Встретив усталую и расстроенную женщину, мы отвезли ее на квартиру, а когда прибыл груз, то разместили его в этих двух арендованных комнатах. Первая наша беженка начала жить в Сергиевом Посаде, приходя на церковные службы в Лавру и любуясь на богослужениях своим сыном-архимандритом. В моей семье события развивались иначе. Моя мама начала ощущать недомогание в связи с варикозным расширением вен на ногах. Врачи рекомендовали ей пройти курс уколов, и она записалась на прием. Доктор по халатности ввел ей вместо лекарства, сужающего сосуды, сосудорасширяющий препарат. Маме стало очень плохо, произошло кровоизлияние в мозг, и она слегла. Вызвали «скорую помощь», но особо помочь ничем не смогли, посоветовав моему убитому горем отцу подать в суд на врача, нанесшего серьезный ущерб здоровью своего пациента. Со слов отца, мама часто плакала, а в последнем своем письме она написала мне: «Сынок, я заболела. Не волнуйся. Все хорошо. Да святится имя Твое…»
Отец попытался найти врача, допустившего страшную ошибку, но тот быстро ушел в отпуск. Мы с папой решили, что судом маминого здоровья не поправить, поэтому отец всю свою заботу обратил на уход за больной. Несмотря на мои постоянные просьбы приехать к ней на помощь, мама запрещала мне приезжать, уверяя, что все будет хорошо, а отец доказывал, что он справляется.
Благодарение Богу и доброму душанбинскому батюшке отцу Стефану! Он неоднократно приезжал причастить маму и совершил над нею чин елеосвящения, Тем не менее ее здоровье ухудшалось. Вставая, она падала, испытывая сильное головокружение. Пришлось снова вызывать «скорую помощь». В восемь часов вечера папа сообщил по телефону, что врачи сделали больной укол и объяснили отцу, что волноваться не нужно. Болезнь отступает, нужен только покой, и больная выздоровеет. Отец просил меня отменить прилет, ссылаясь на доводы врачей из «скорой помощи». В одиннадцать часов вечера мама умерла. Умерла тихо, словно заснула.

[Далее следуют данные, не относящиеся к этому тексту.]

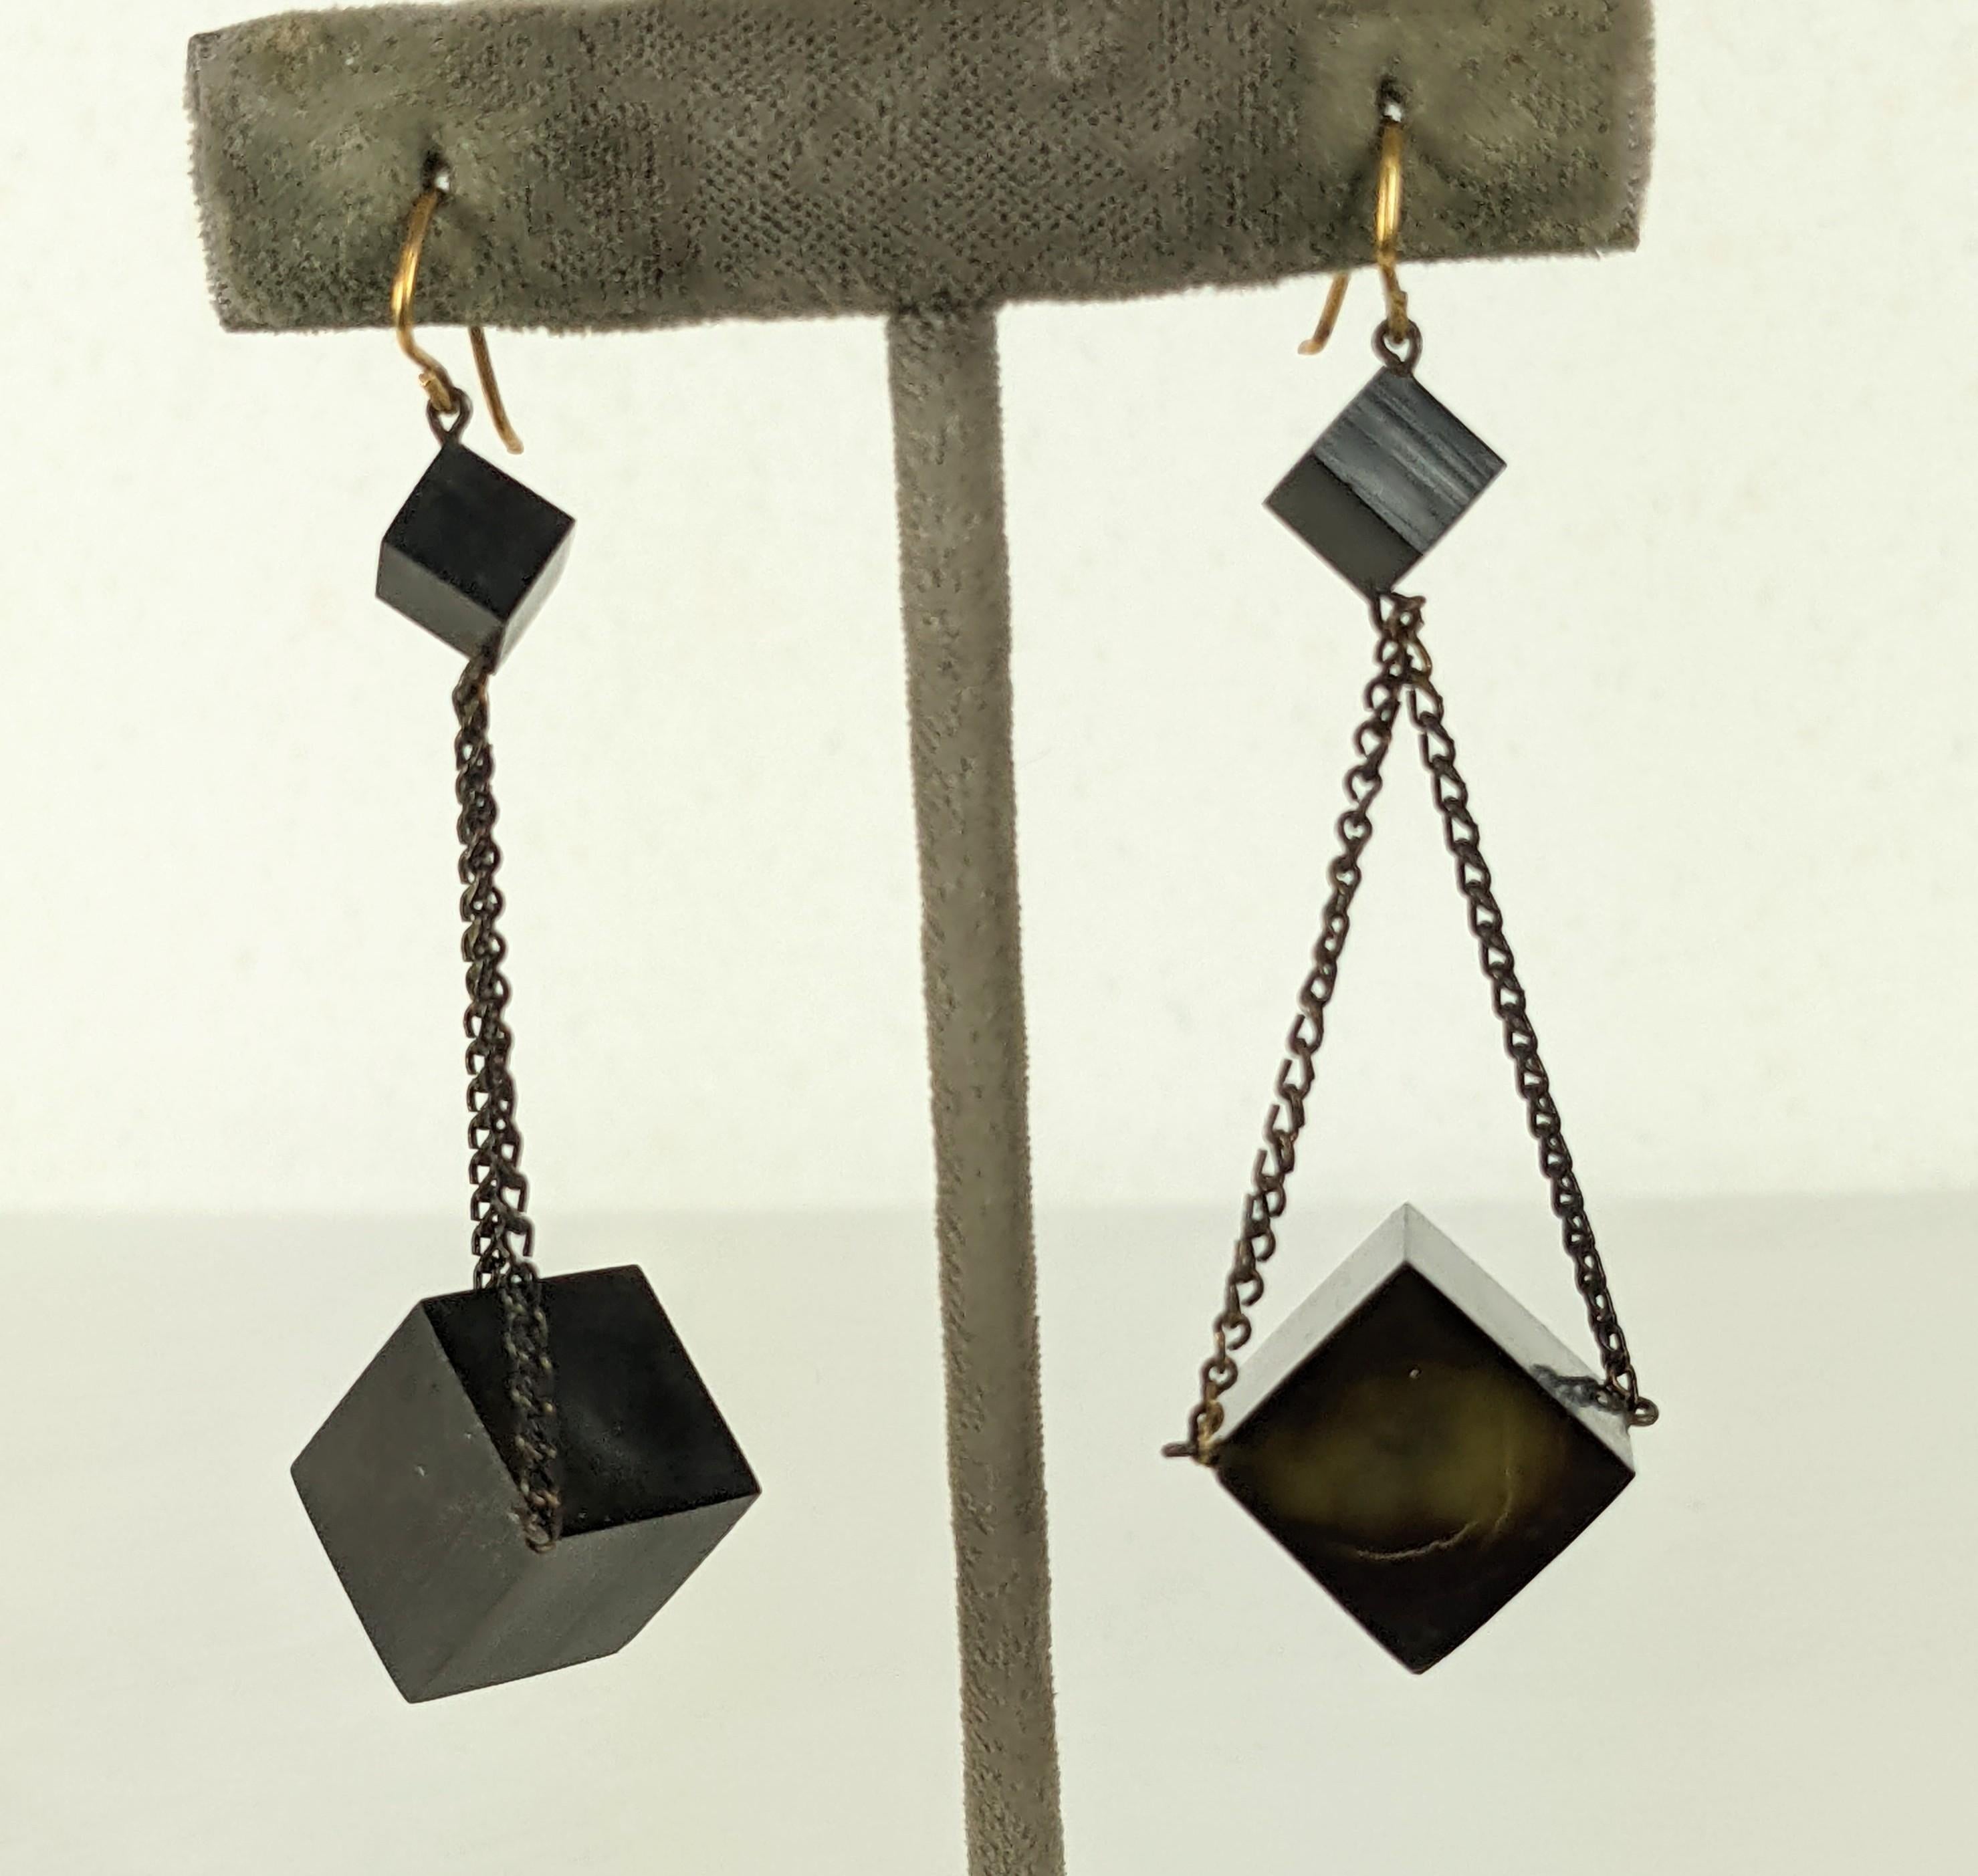 Unusual Gutta Percha Victorian Geometric Earrings from the 19th Century. Extremely Modern in design but created in the late 1800's. 2 cubes of gutta percha of different sizes are simply suspended from a blackened chain. The gold filled ear wires are

Вместе с моим верным другом на следующий день мы вылетели в Душанбе. Обстановка в городе внешне выглядела спокойной, и люди с надеждой уверяли нас, что все нормализуется. Нам нужно было забрать маму из больницы, где она лежала в морге. Туда ее отправила услужливая «скорая помощь» по второму вызову моего отца. Мы попросили не делать вскрытие, поскорее оформить бумаги на погребение и отдать нам тело. В этом нашу просьбу встретили сочувственно. Оставались еще горестные похороны и прощание с мамой.

 

Господи, когда я возвращаюсь в Тебя, то испытываю блаженство от встречи с Тобой, ибо возвращаюсь в Того родного и безконечно любимого Создателя, из недр Которого я когда-то вышел. Поэтому холодно и неуютно душе моей в этом тварном мире, так как покой ее и вечная родина — в блаженном неотмирном единстве покоя Твоего, Боже мой.